What the task requires: Keep images out and repeat all data exactly.
START Given information
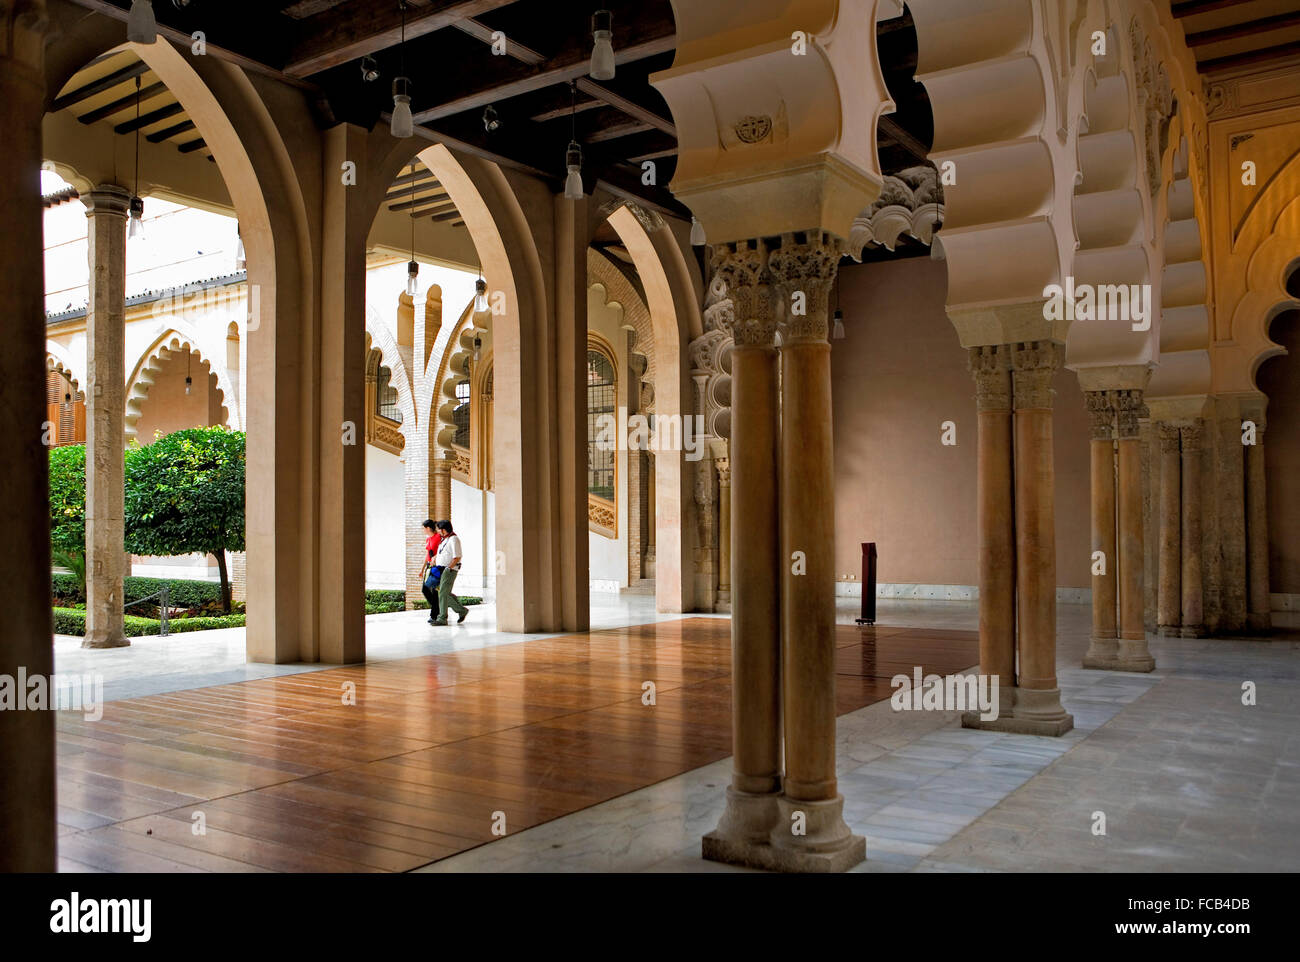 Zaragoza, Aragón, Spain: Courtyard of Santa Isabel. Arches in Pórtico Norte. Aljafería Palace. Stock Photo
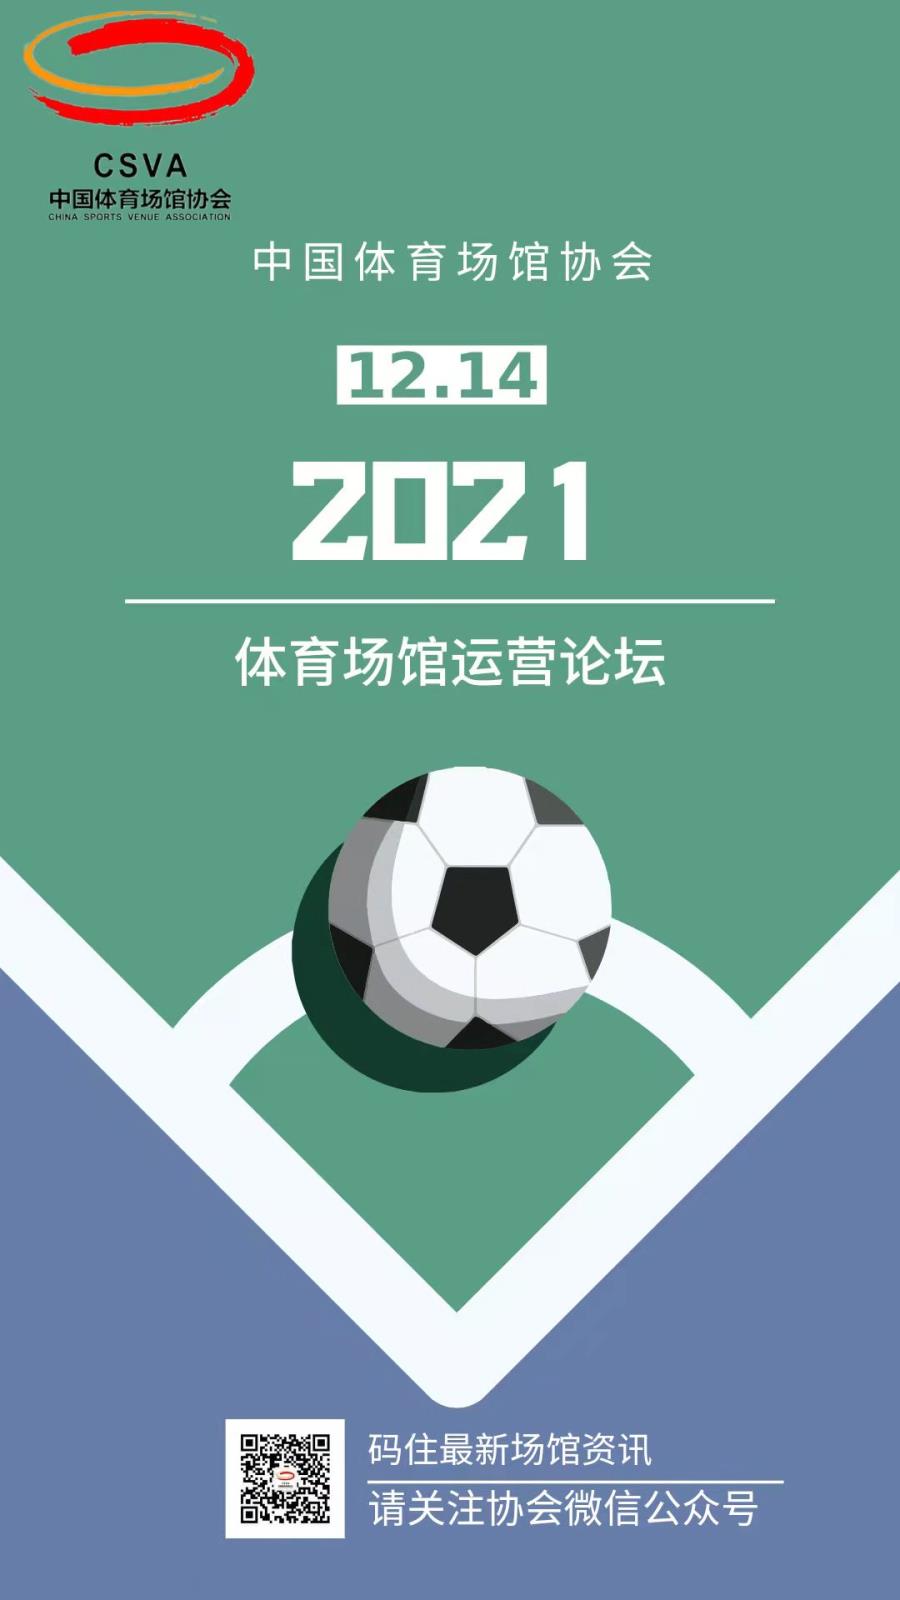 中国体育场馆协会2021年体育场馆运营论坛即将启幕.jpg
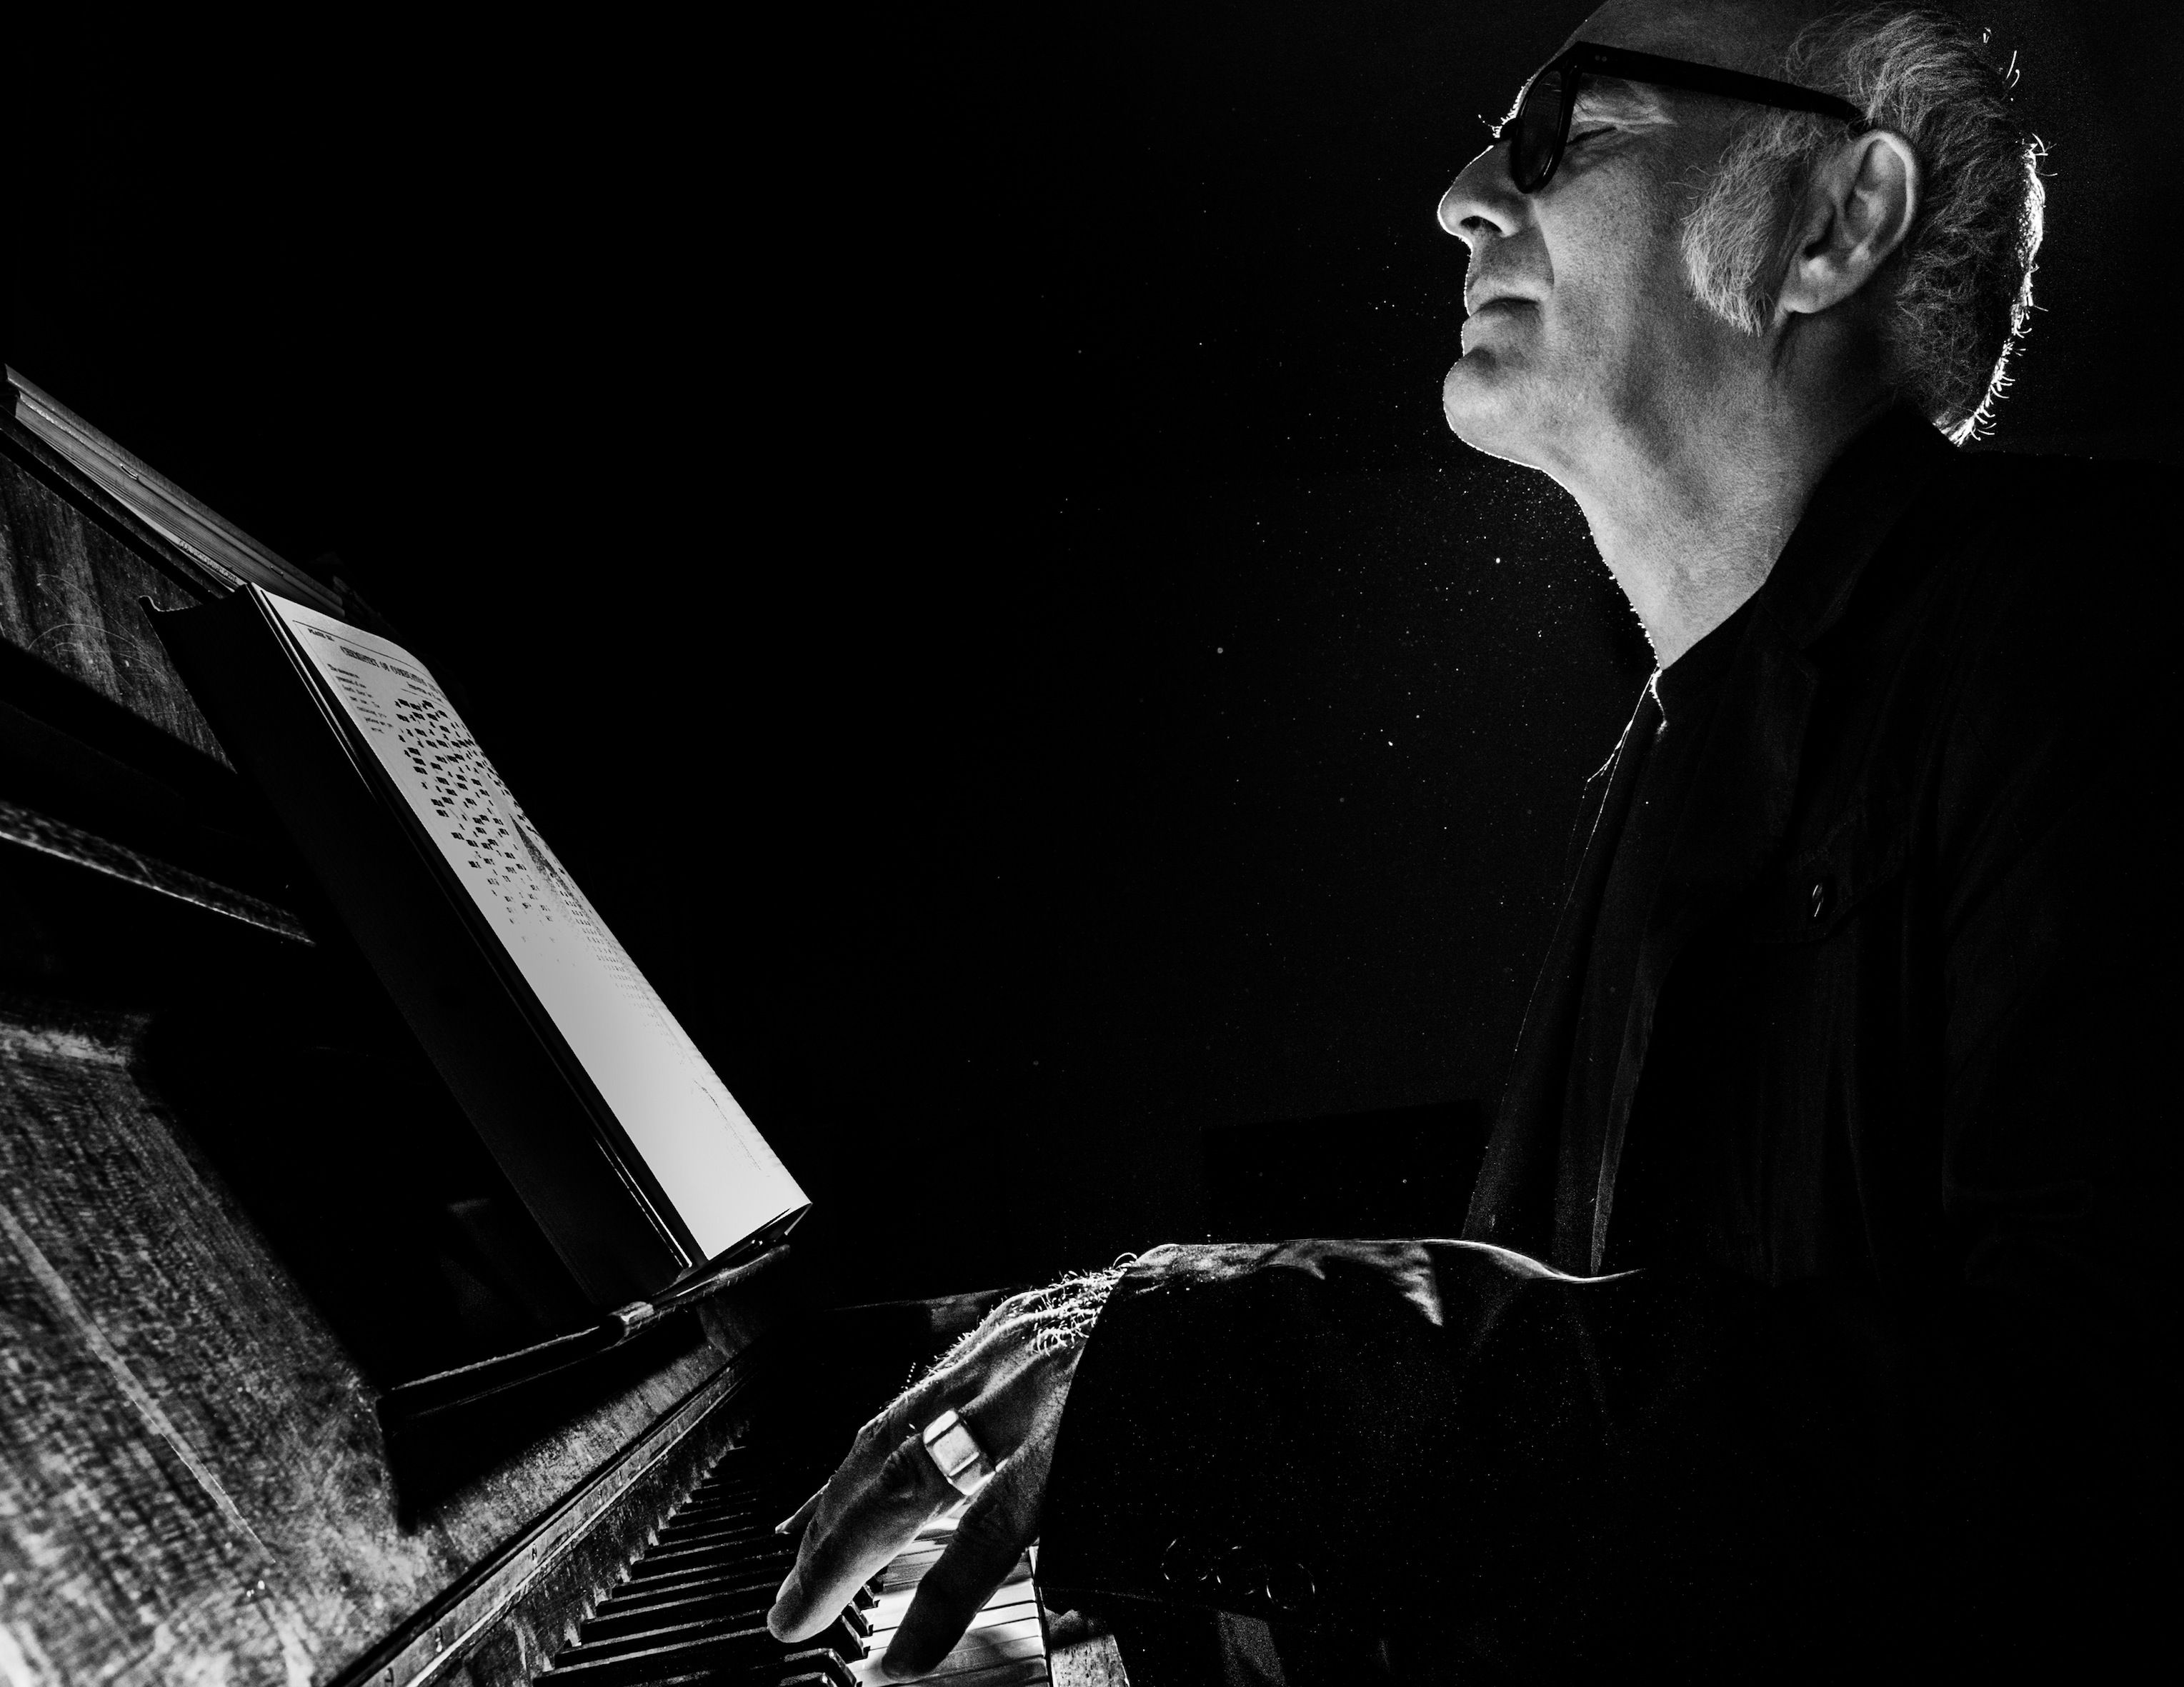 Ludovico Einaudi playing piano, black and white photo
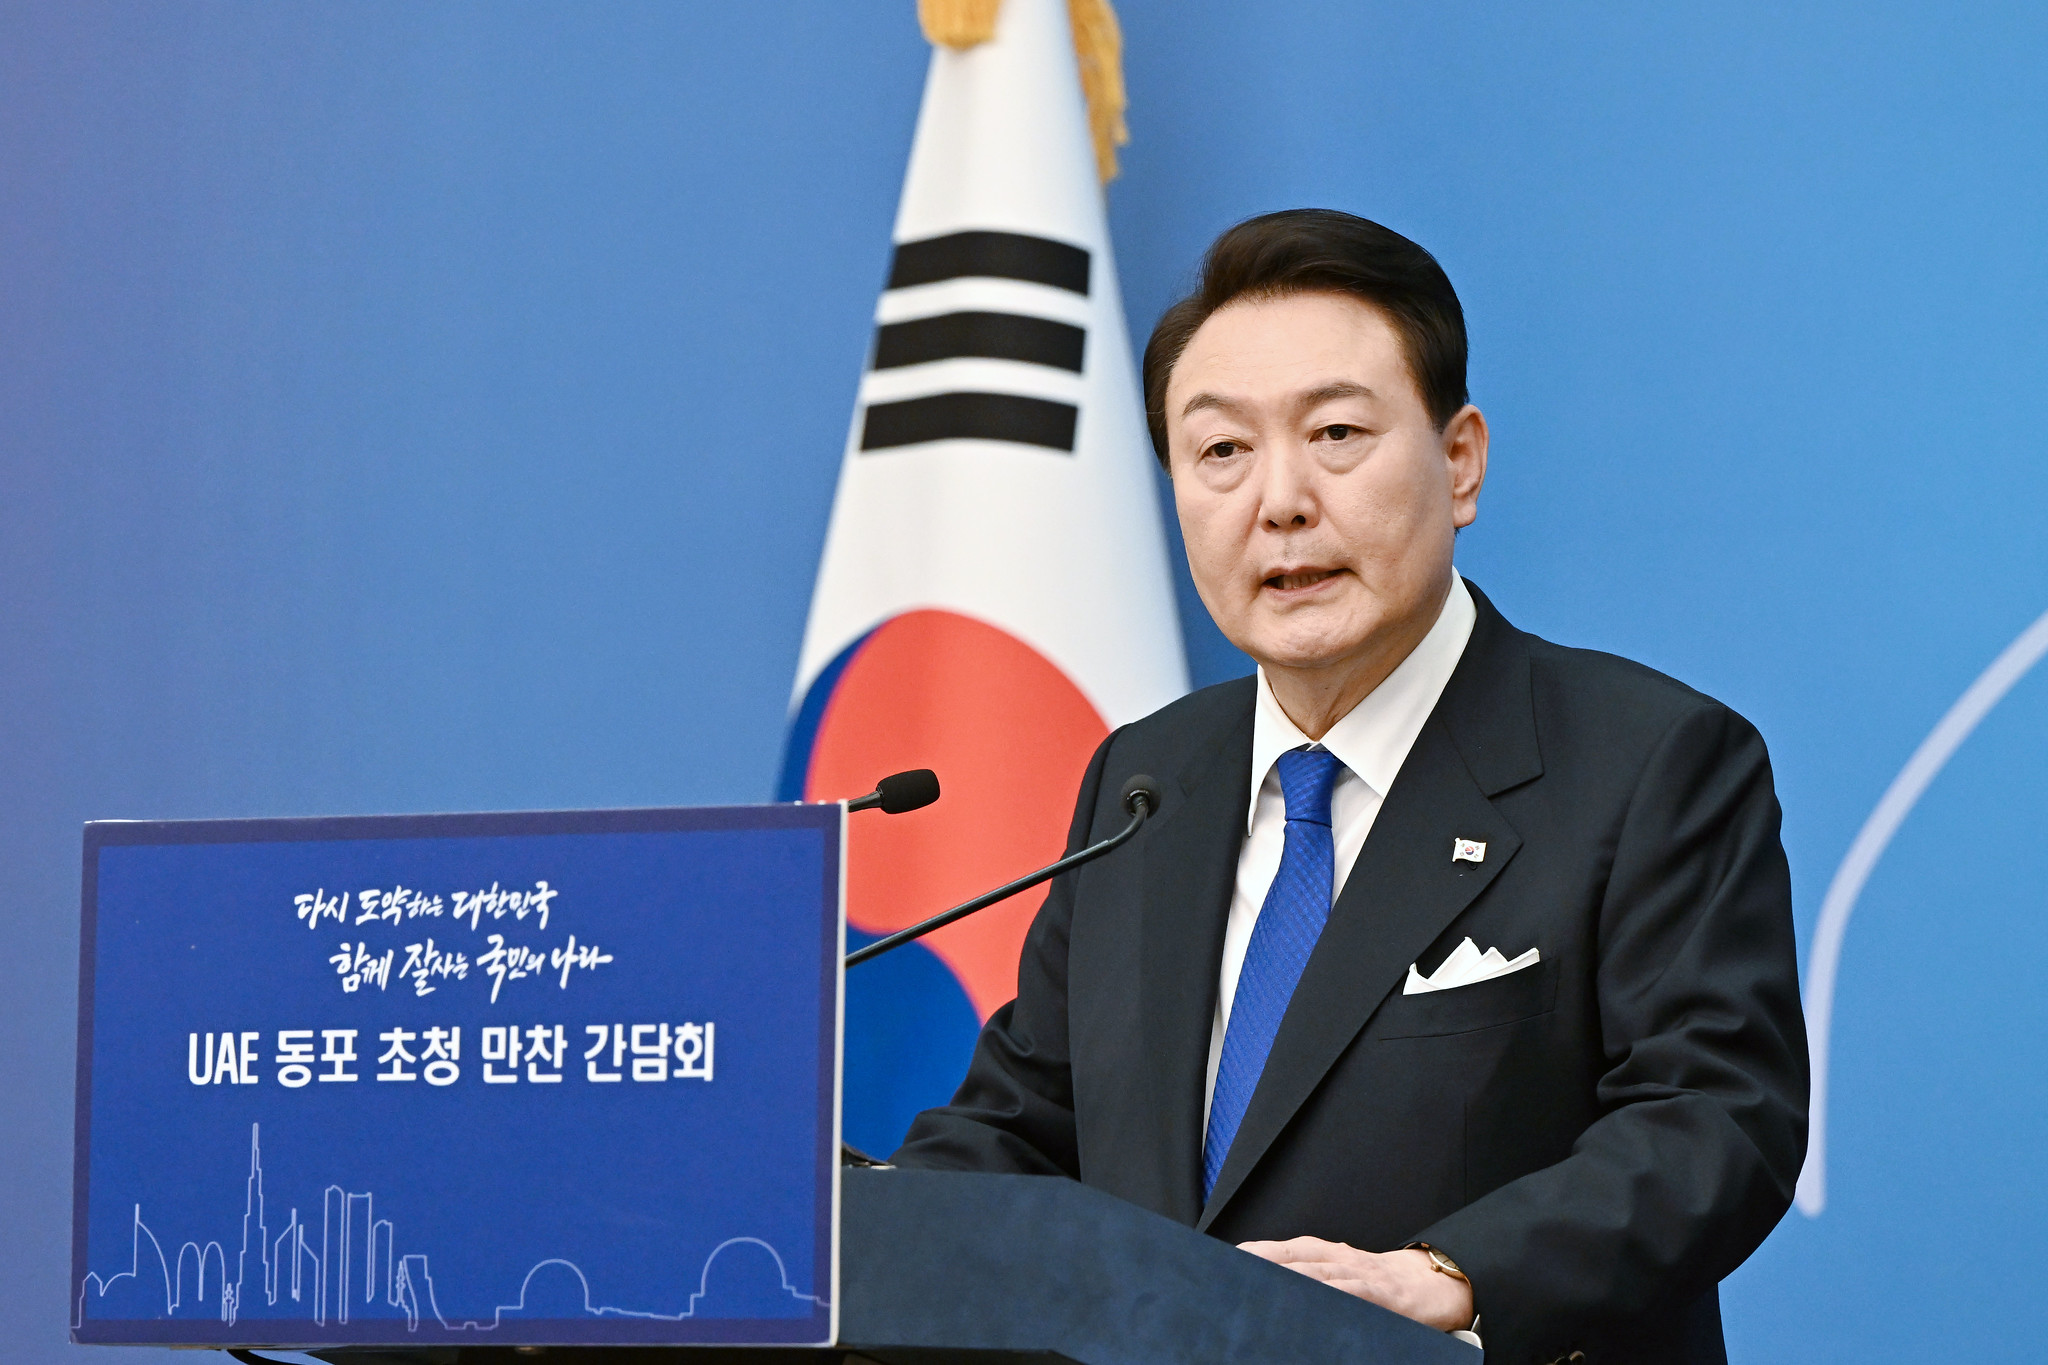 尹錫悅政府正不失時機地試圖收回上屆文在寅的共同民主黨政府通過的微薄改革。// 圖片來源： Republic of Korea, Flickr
END Given information
Completed task:
 Zaragoza, Aragón, Spain: Courtyard of Santa Isabel. Arches in Pórtico Norte. Aljafería Palace. Stock Photo
 中国体育场馆协会2021年体育场馆运营论坛即将启幕.jpg
 Ludovico Einaudi playing piano, black and white photo
 尹錫悅政府正不失時機地試圖收回上屆文在寅的共同民主黨政府通過的微薄改革。// 圖片來源： Republic of Korea, Flickr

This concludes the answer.